Smartphone games maker Glu Mobile expects a big boost to its sales from the success of Apple Inc's iPhone 5, which analysts predict will sell 33 million units this quarter.
The maker of mobile games such as "Big Time Gangsta" expects about two-thirds of its revenue this year from Apple's iOS mobile platform, said Chief Executive Niccolo de Masi.
Glu, which competes with social games company Zynga Inc, forecast revenue of between $94.4 million and $96.4 million for 2012 last month.
The popularity of the company's games on the Apple platform fuelled rapid growth for Glu last year, bringing in nearly a third of its total revenue of $66.2 million.
"In the fourth quarter of 2011, we came in 10 to 15 percent ahead of guidance because of the iPhone 4S release," said Masi, who took the top job in Glu in 2010 and steered its focus from feature phones to smartphones that use Apple and Google Inc's platforms.
He expects the iPhone 5 to be have at least the same impact in the fourth quarter of this year and the first quarter of the next.

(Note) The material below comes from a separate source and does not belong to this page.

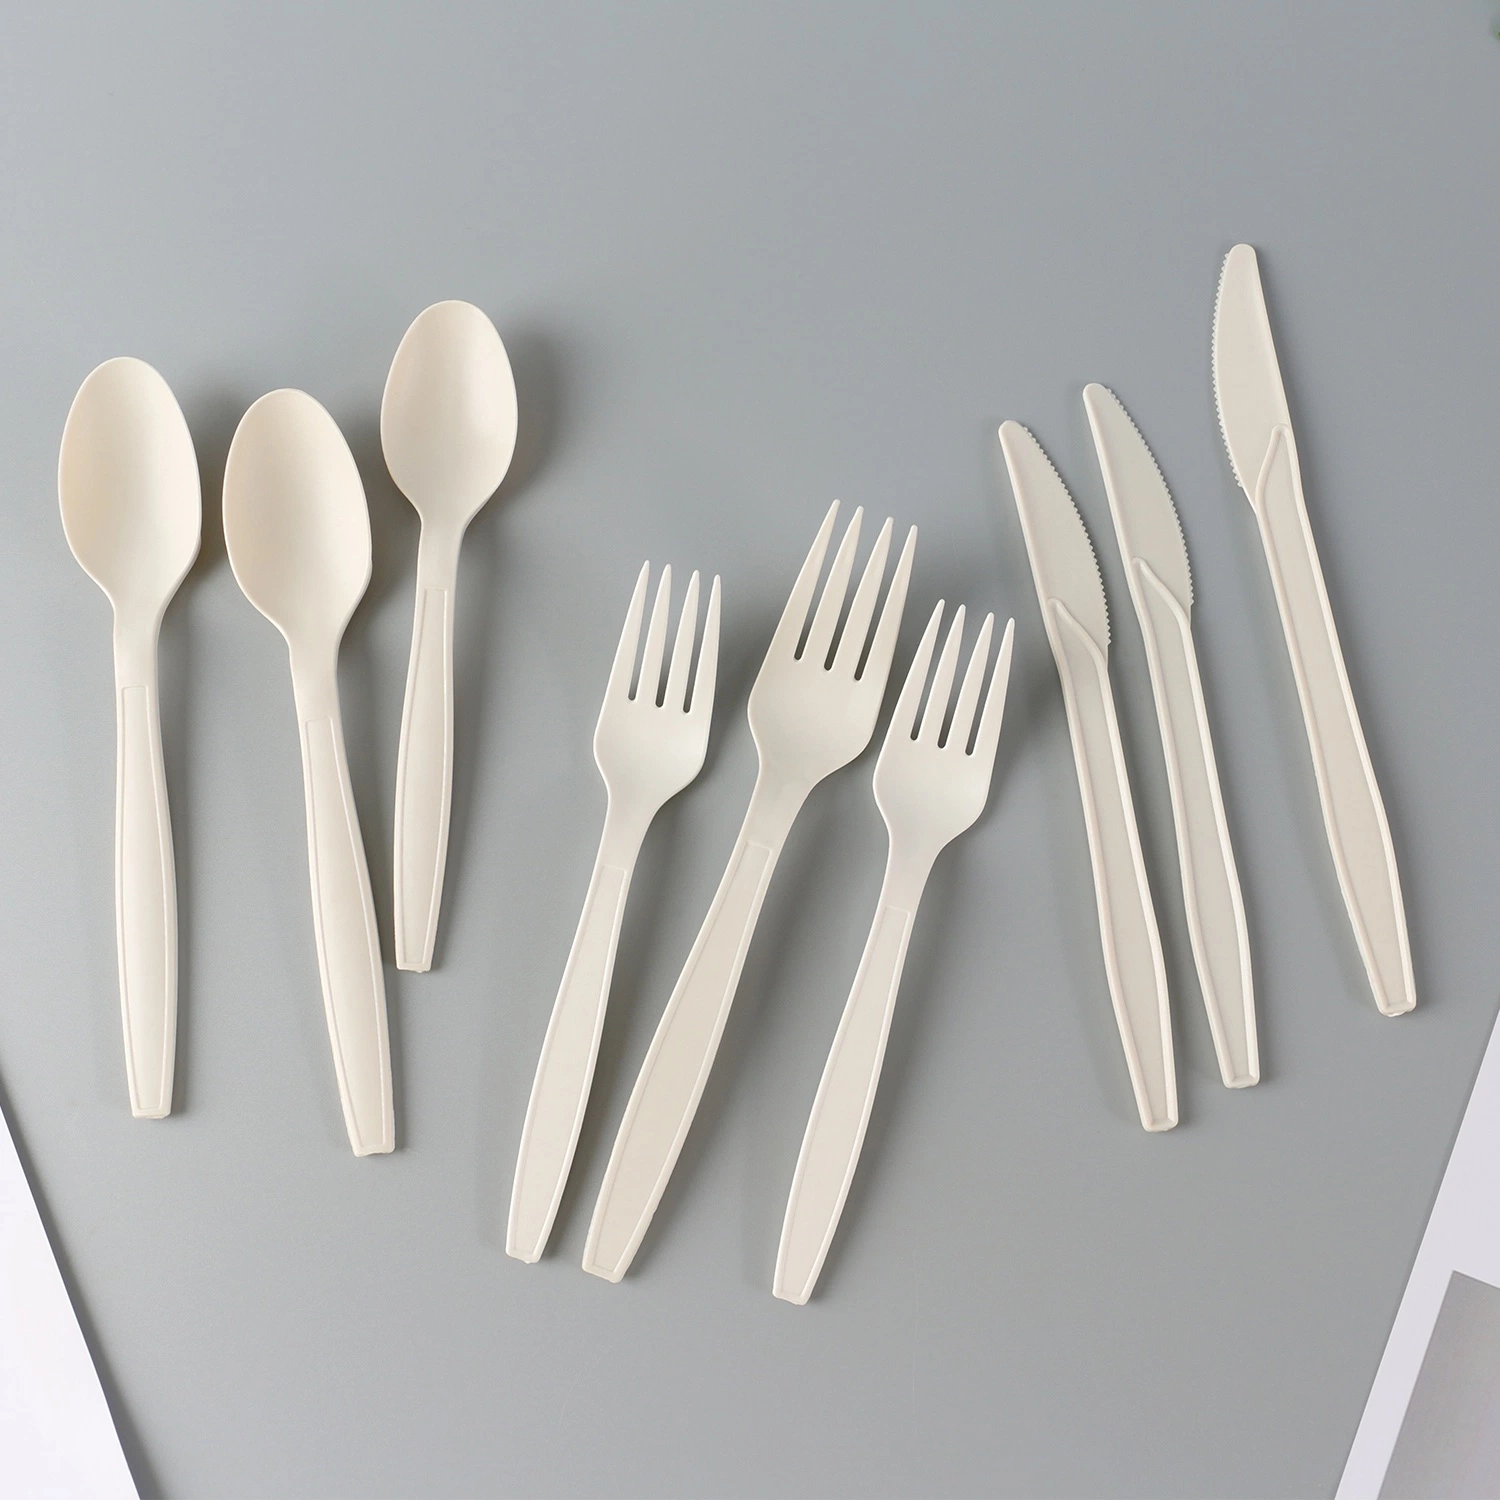 Биоразлагаемые посуда биоразлагаемых одноразовых столовых приборов продуктов пластиковые PLA ложку вилку и нож столовые приборы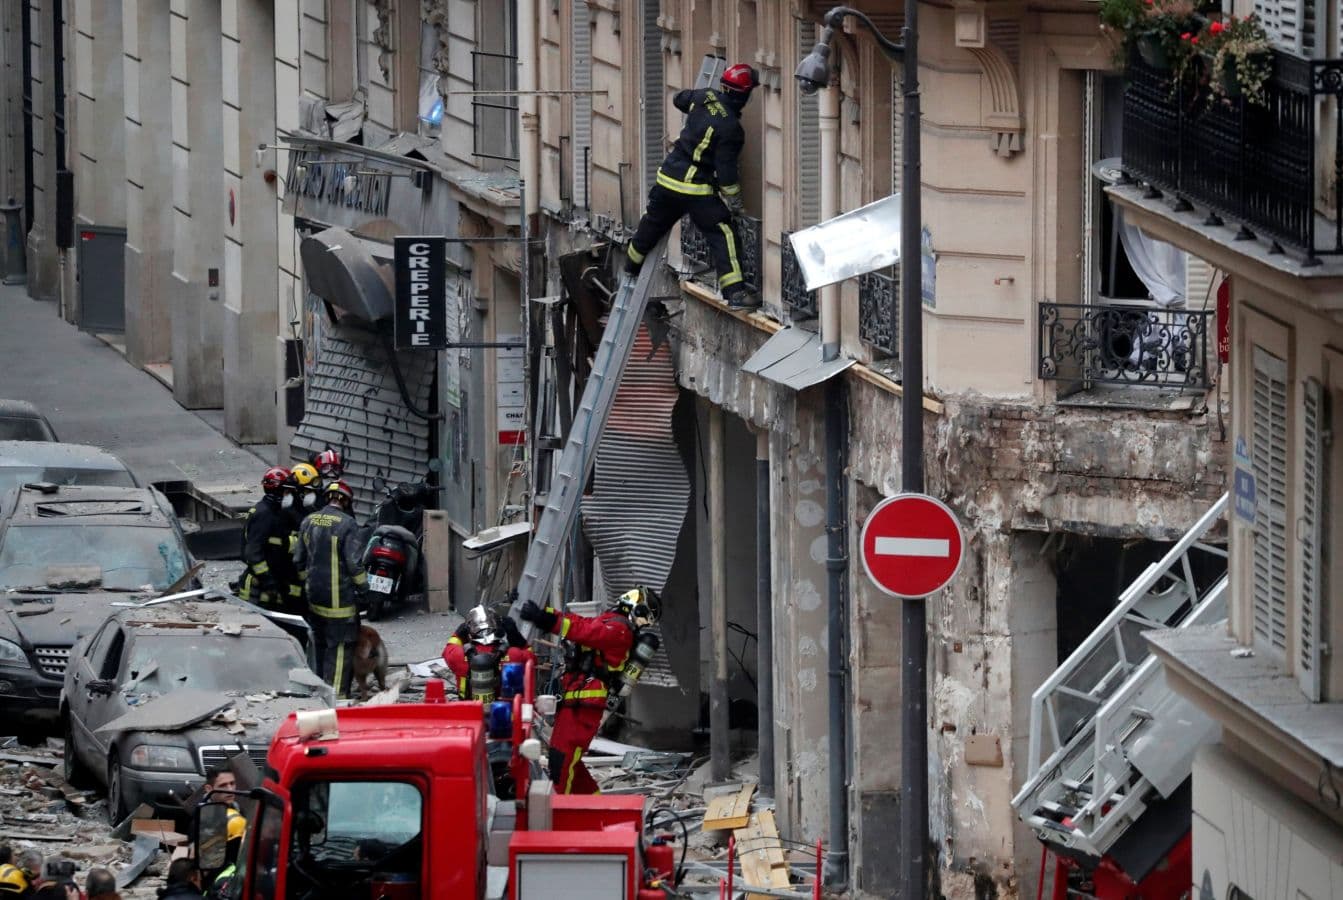 Gázrobbanás történt egy párizsi pékségben, többen megsérültek

The new iPhone, launched on Wednesday, has a bigger screen and supports 4G wireless technology.
San Francisco-based Glu, whose games can also be played on tablets, plans to add 8 to 10 games in the rest of 2012 to the 12 it launched in the first half of the year. All of those are optimized for iPhone 5, Masi said.
"The main advantage Apple has right now is that they are doing great business in China," the CEO said.
China will overtake the United States as the world's biggest smartphone market this year, according to research firm IDC.
The company follows a "freemium" business model - luring in customers with some free products and services and then trying to get them to pay and upgrade to premium versions.
The game maker's stock has risen 50 percent in the past 12 months. It closed at $4.79 on Nasdaq on Thursday.
In contrast, shares of rival Zynga, which is largely dependent on social networking giant Facebook Inc for revenue, have lost about 70 percent of their market value since it went public in December at $10 a share.
"We're a mobile-only company. We don't make games for Facebook. We only cater to Apple, Google, Amazon and Microsoft platforms, and sell through their stores," Masi said.
Glu expects revenue from Google's Android platform to match those from iOS as more handsets start operating on Android, Masi said.
The company, which also licenses games from video game publishers such as Activision Blizzard Inc, got about 11 percent of its 2011 revenue from Android users.